*Data*.
::::::::::

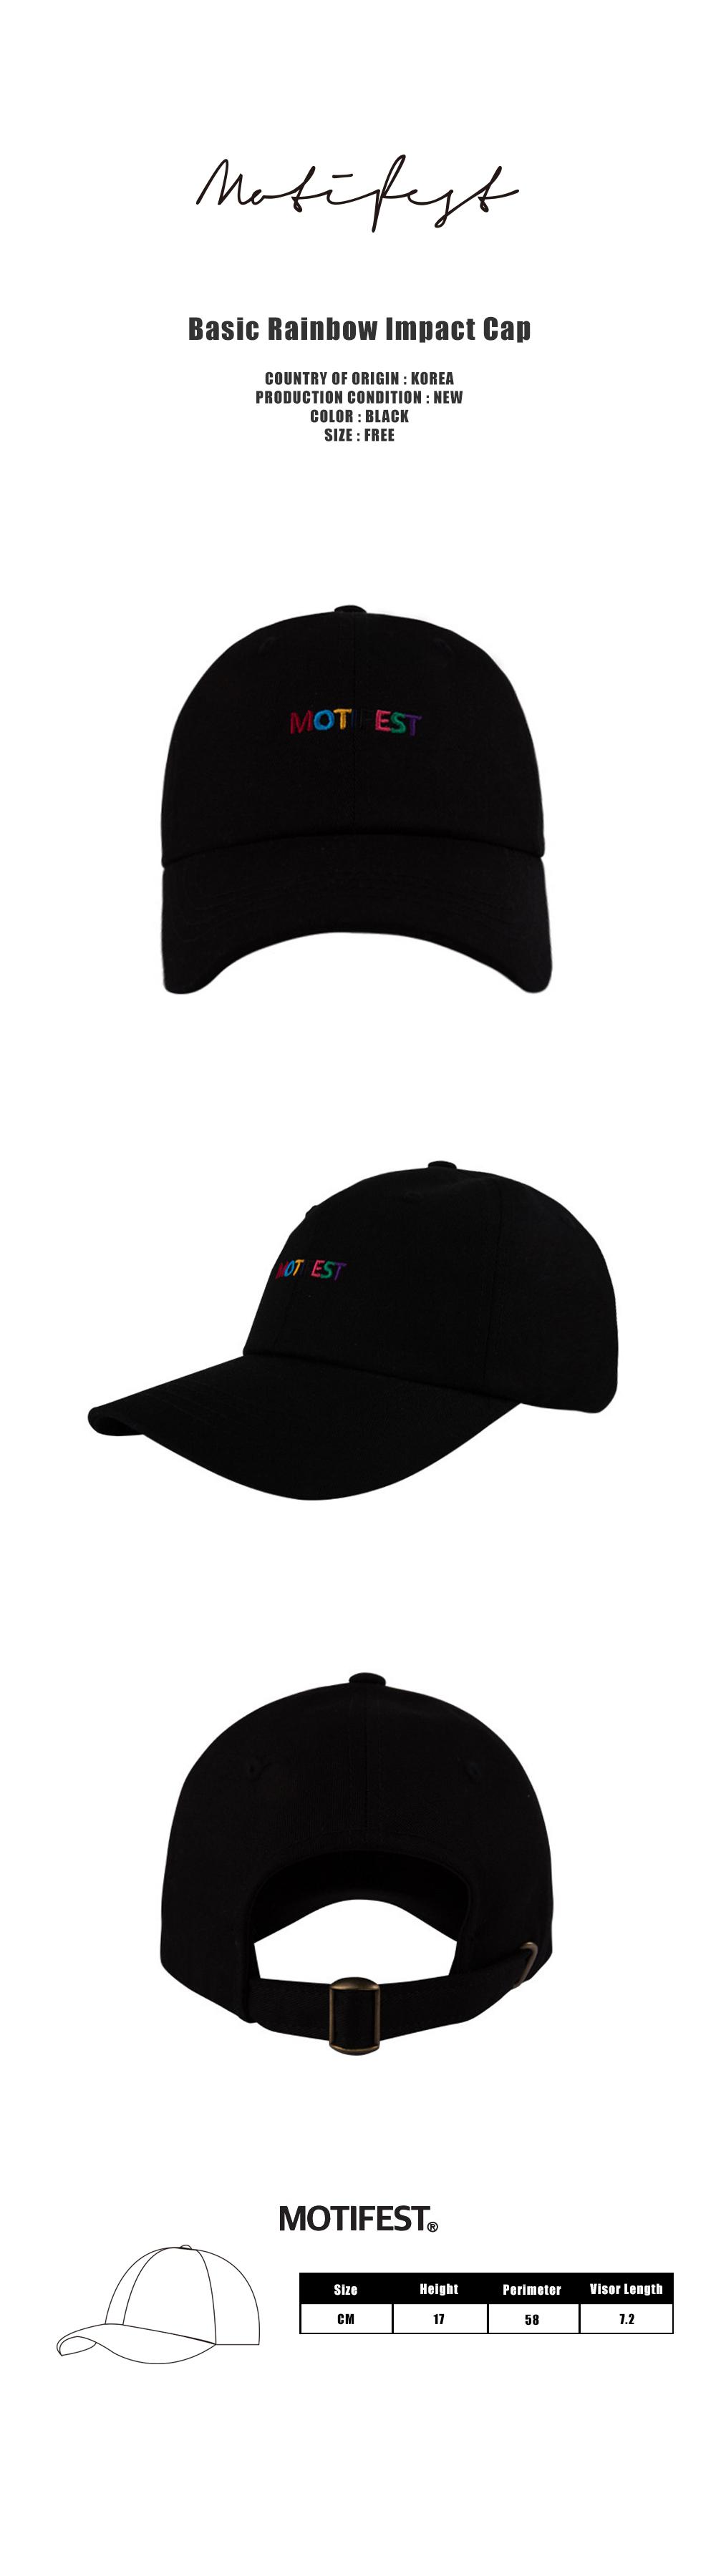 Basic Rainbow Impact Cap Black-1000.jpg
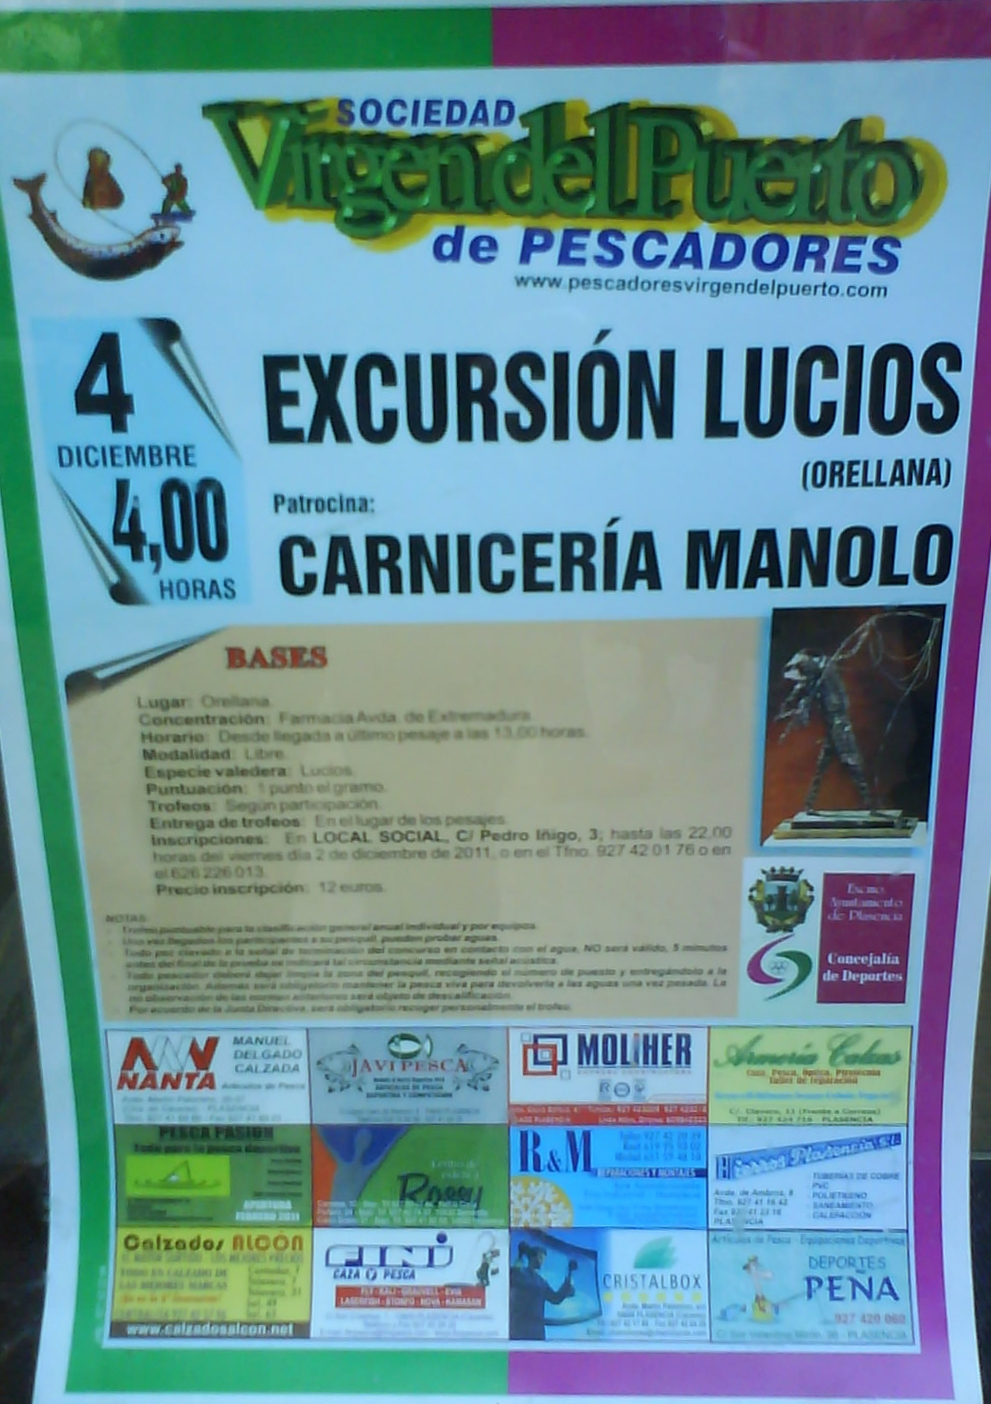 Turismo Plasencia Smartphone Noviembre 2011 # Muebles Sequeira Plasencia
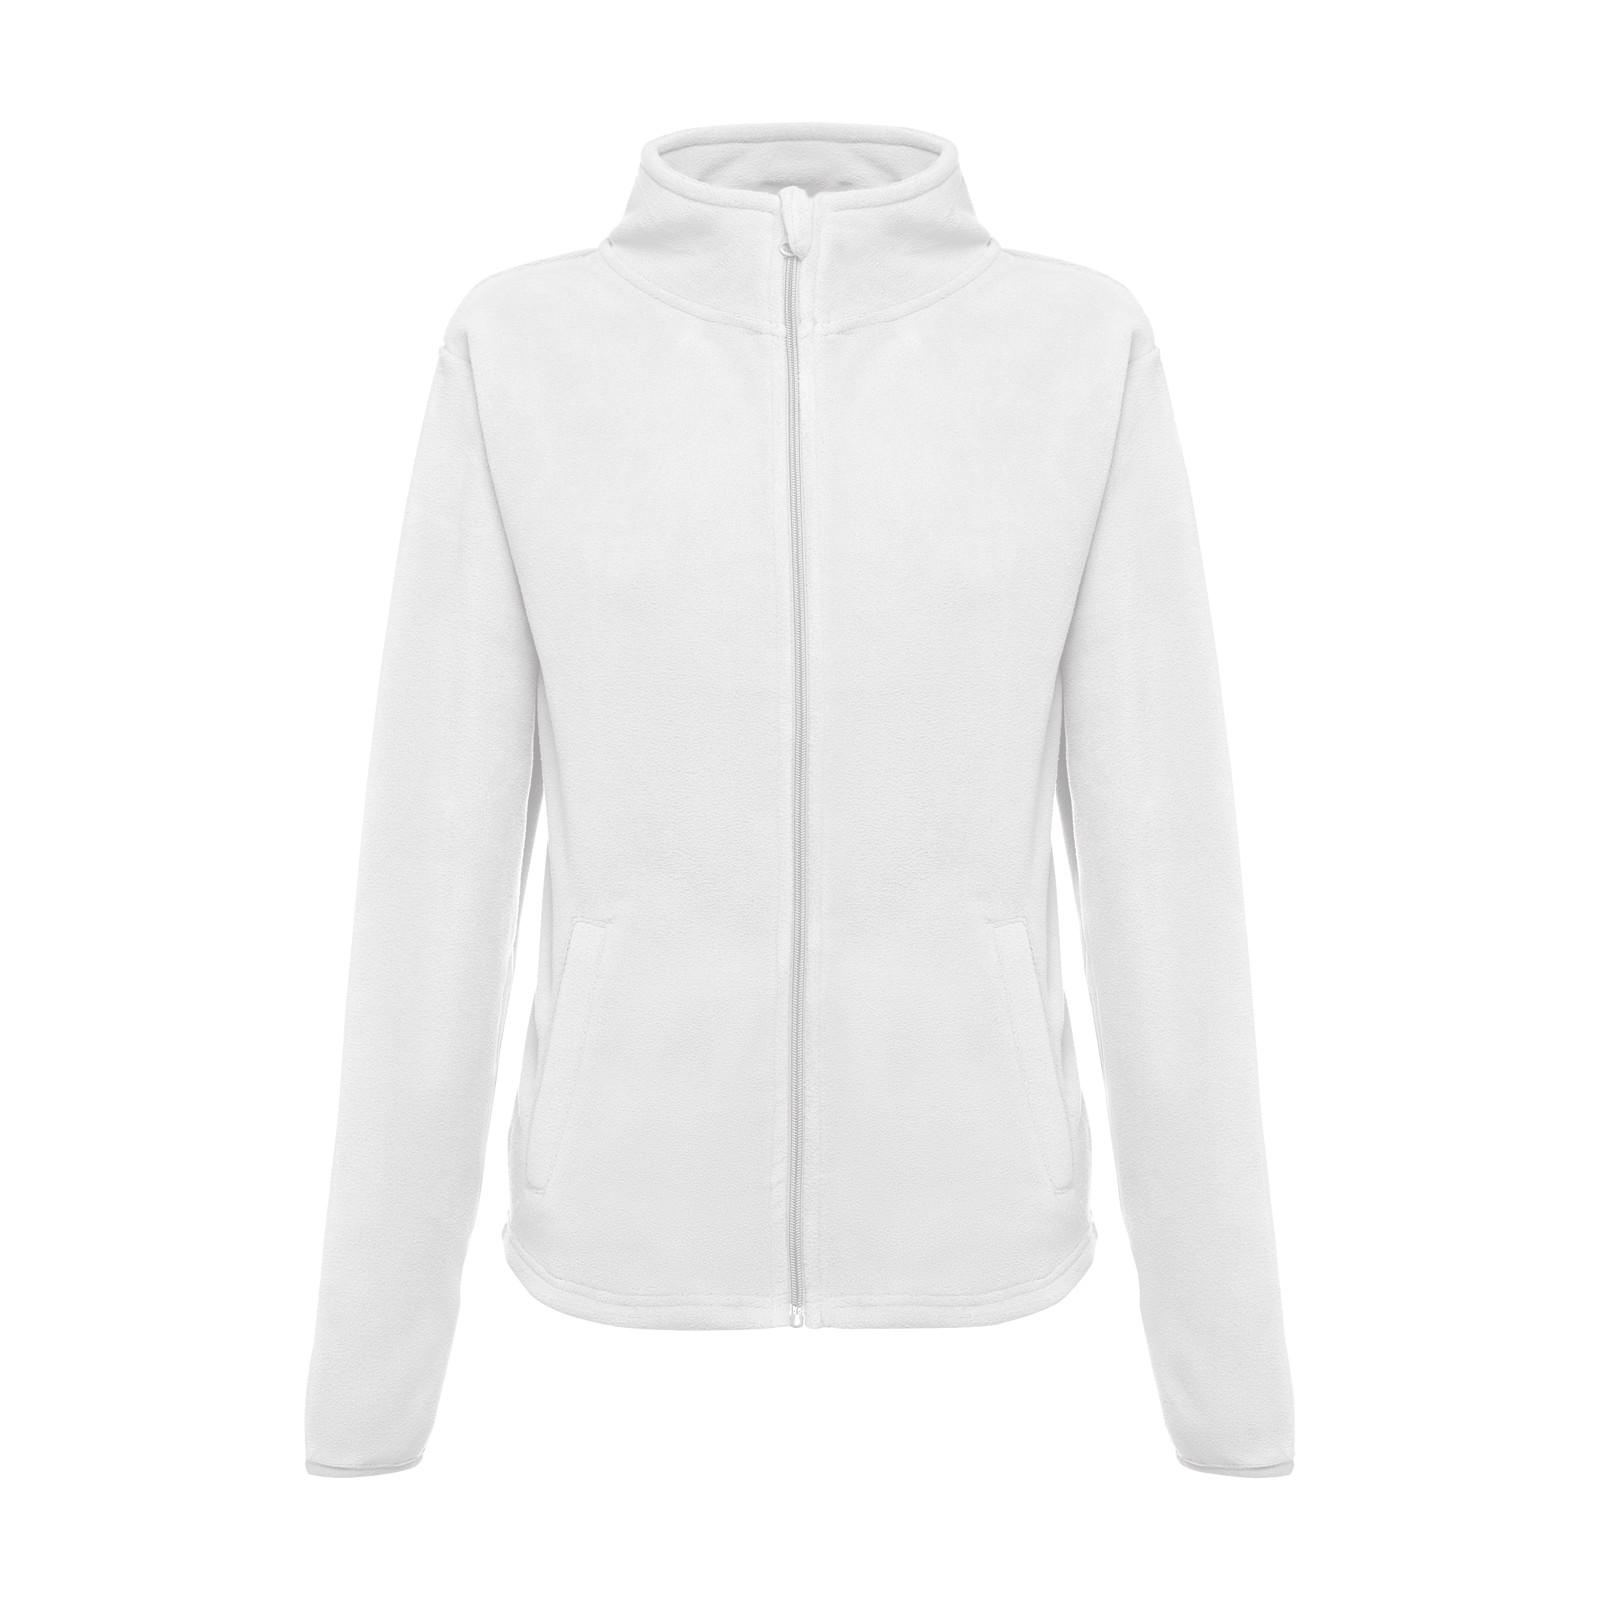 HELSINKI WOMEN. Dámská fleecová bunda - Bílá / S

::::::::::

*What to produce*. Take the line containing "Turismo Plasencia Smartphone" as the first line and the last line of the data above as the final one, and output exactly the lines between them, inclusive, with no pictures.

*Result of this exercise*.
 Turismo Plasencia Smartphone Noviembre 2011 # Muebles Sequeira Plasencia
 HELSINKI WOMEN. Dámská fleecová bunda - Bílá / S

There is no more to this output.